H. William Burgess (March 13, 1929 – March 16, 2016) was an attorney who lived in Hawaii. He opposed the Hawaiian sovereignty movement and of government programs that benefit Native Hawaiians. Burgess brought two lawsuits seeking to have such programs declared unconstitutional.

==Notable cases==

===Arakaki v. State of Hawaii===
In July 2000, Burgess filed suit against the State of Hawaii on behalf of 13 plaintiffs, among them Kenneth R. Conklin. The lawsuit, Arakaki v. State of Hawaii, challenged the requirement that trustees of the Office of Hawaiian Affairs (OHA) be of Hawaiian ancestry, on the basis of the Fourteenth Amendment, the Fifteenth Amendment and the Voting Rights Act. In August 2000, U.S. District Judge Helen Gillmor ruled against the OHA requirement, clearing the way for the plaintiff, Conklin: a non-Hawaiian, to make an unsuccessful election bid for OHA office that November. Two years later, in December 2002, the United States Court of Appeals for the Ninth Circuit upheld Gillmor's ruling clearing the way for all non-Hawaiians to run for election, and to serve if elected, as trustees of OHA, but based the ruling only on the Fifteenth Amendment finding it unnecessary to rule on the Fourteenth Amendment.

===Arakaki v. Lingle===
In March 2002, Burgess teamed up again with another attorney, Patrick W. Hanifin, to file a second lawsuit, Arakaki v. Lingle, on behalf of 16 plaintiffs challenging the constitutionality of OHA and the Hawaiian Homes Commission Act, demanding they be dismantled. In November 2003 U.S. District Judge Susan Oki Mollway removed the Hawaiian Homelands-related entities and the U.S. federal government from the suit and in January 2004 dismissed the rest of the suit on the grounds that legislatures, not courts, should decide the questions at issue. In August 2005, a 2 to 1 decision by the U.S. Ninth Circuit Court of Appeals reversed Mollway, finding that state taxpayers had standing to challenge appropriation of tax moneys to OHA.

On February 2, 2006, Hawaii Governor Linda Lingle petitioned the U.S. Supreme Court for a writ of certiorari, arguing that state citizens "simply because they pay taxes to the state", may not challenge her and other officials' use of some public money, land and privileges exclusively for one race. The petition asked the high court to resolve the "very important and fundamental state taxpayer standing questions" presented.

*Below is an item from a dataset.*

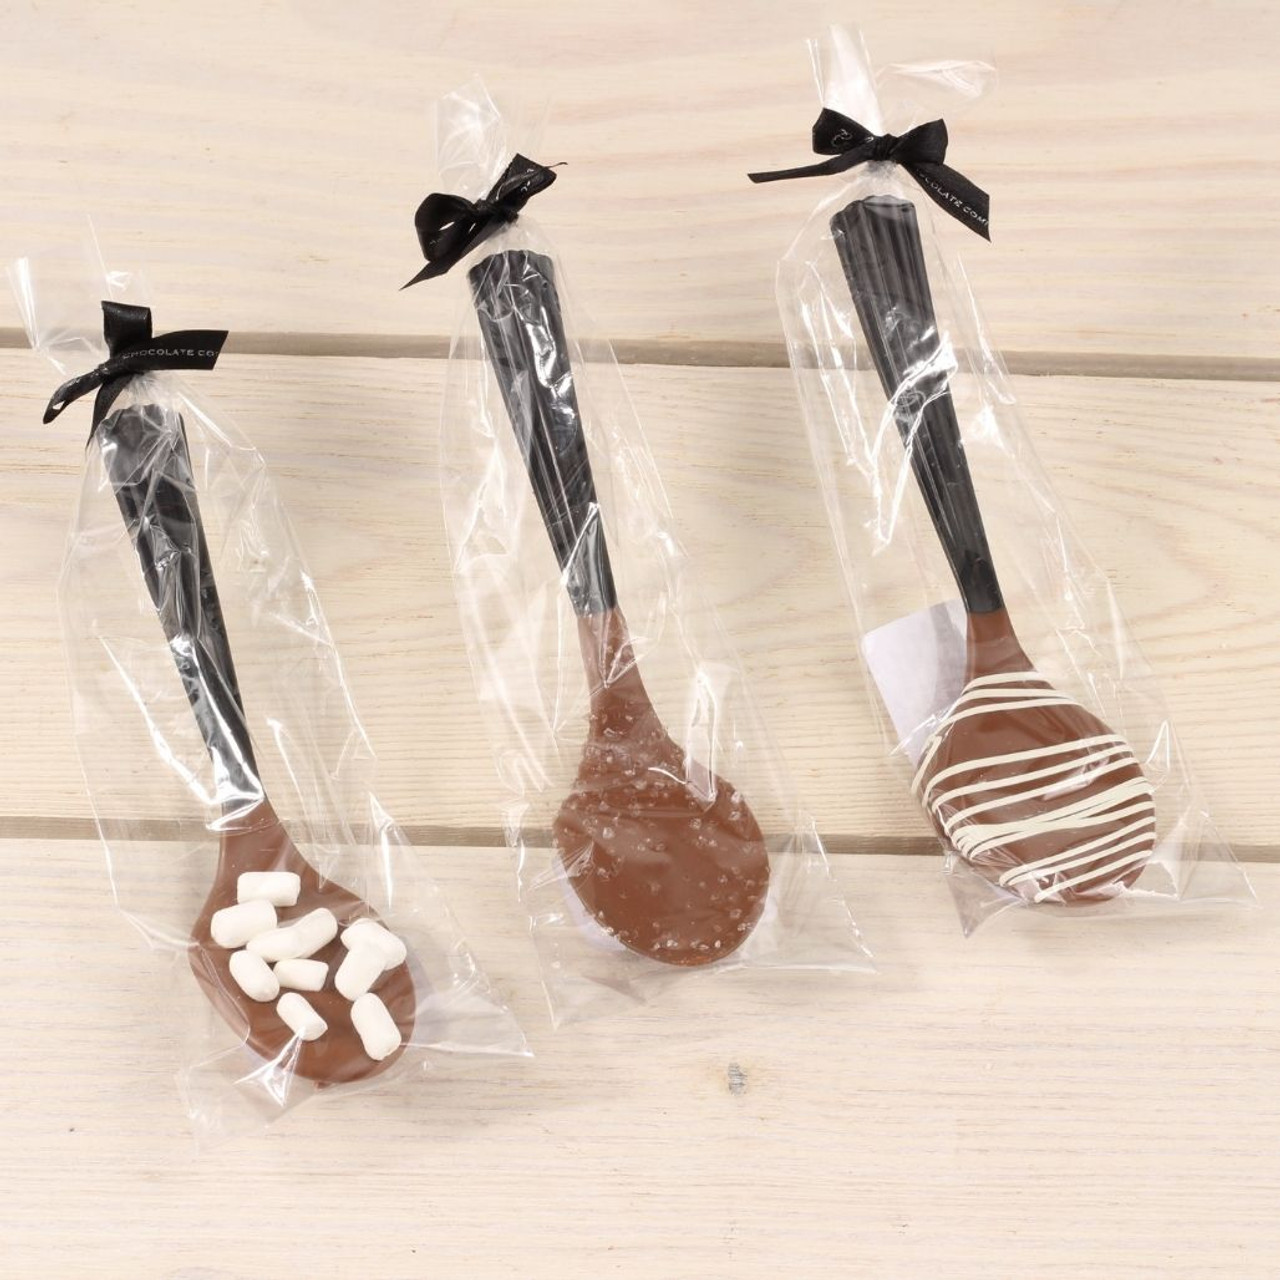 Hot Cocoa Stir Spoons, Set of 3 Holiday Flavors

The plaintiffs, Earl Arakaki and 13 other Hawaii residents, saw the governor's petition as an opportunity for the Supreme Court to resolve all standing questions. On March 3, 2006, the plaintiffs filed a Conditional Cross-Petition for a Writ of Certiorari, asking the Supreme Court, if it granted the Governor's petition, to also grant theirs, and review all the "standing" orders including those dismissing plaintiffs' "very important and fundamental" trust beneficiary standing, as well as the orders restricting their state taxpayer standing.

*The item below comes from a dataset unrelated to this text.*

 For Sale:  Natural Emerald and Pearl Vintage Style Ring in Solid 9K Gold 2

On March 7, 2006, the plaintiffs filed a Brief in Opposition to the governor, pointing out that they did not sue "simply because they pay taxes", but because the state does not treat all taxpayers equally. It singles out plaintiffs and other taxpayers similarly situated and denies them the benefit of the part of their taxes used exclusively for those of the favored racial ancestry.

On March 9, 2006, twenty states filed an amicus curiae brief in support of the governor's petition. They argued that "certiorari is necessary to restore certainty to the law".

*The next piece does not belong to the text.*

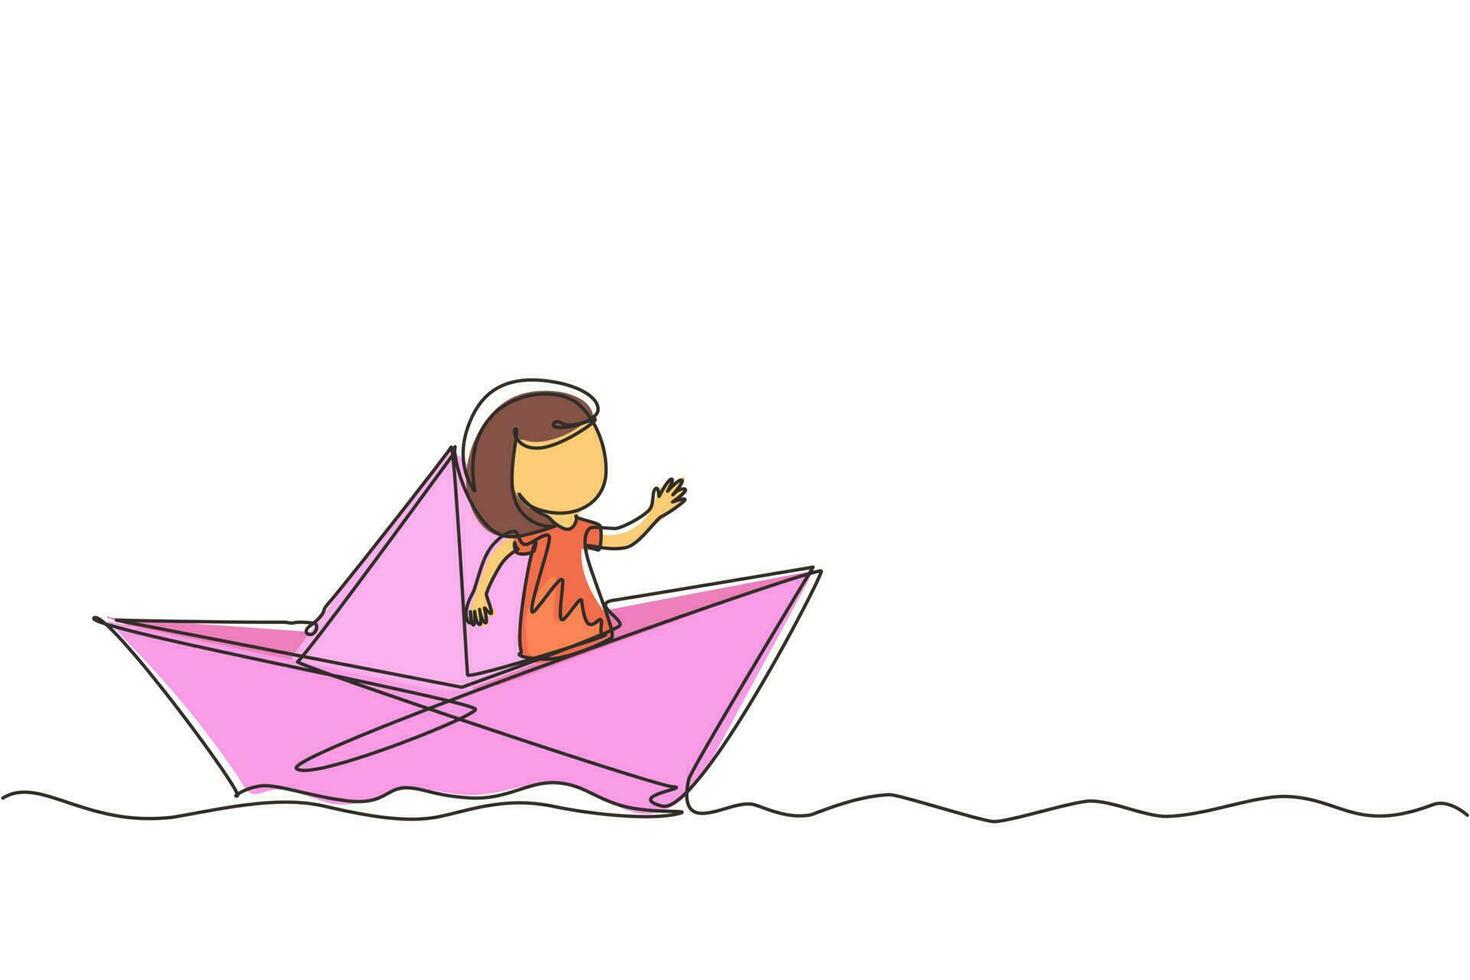 Single continuous line drawing cute smiling little girl sailing on paper boat. Happy smiling kid having fun and playing sailor in imaginary world. One line draw graphic design vector illustration

On May 8, 2006, the Solicitor General filed a brief for the United States in opposition to the cross petition, arguing that the plaintiffs lacked standing to sue because the U.S. "does not require the State of Hawaii to impose taxes to support those undertakings". As to Plaintiffs' trust beneficiary claims, the Solicitor General argued that the HHCA and Admission Act "extinguished any trustee role that the United States might once have had".

The plaintiffs filed their reply brief on May 17, 2006.

==Aloha for All==

In 1999 Burgess and his wife created the Aloha for All website to spread their message that every citizen of Hawaii is entitled to the equal protection of the laws whatever his or her ancestry. In 2003, former Honolulu Advertiser publisher Thurston Twigg-Smith founded a limited liability corporation called Aloha for All.

On August 14, 2005, Honolulu Advertiser reported that Burgess was both lead attorney for Aloha for All and legal counsel for the Grassroot Institute of Hawaii, a second non-profit that had lobbied against the Akaka Bill. In response, both Burgess and Grassroot Institute of Hawaii stated that Burgess was a member but had never been legal counsel for the Grassroot Institute, and that Grassroot's role with respect to the Akaka bill had been to foster public education and discourse.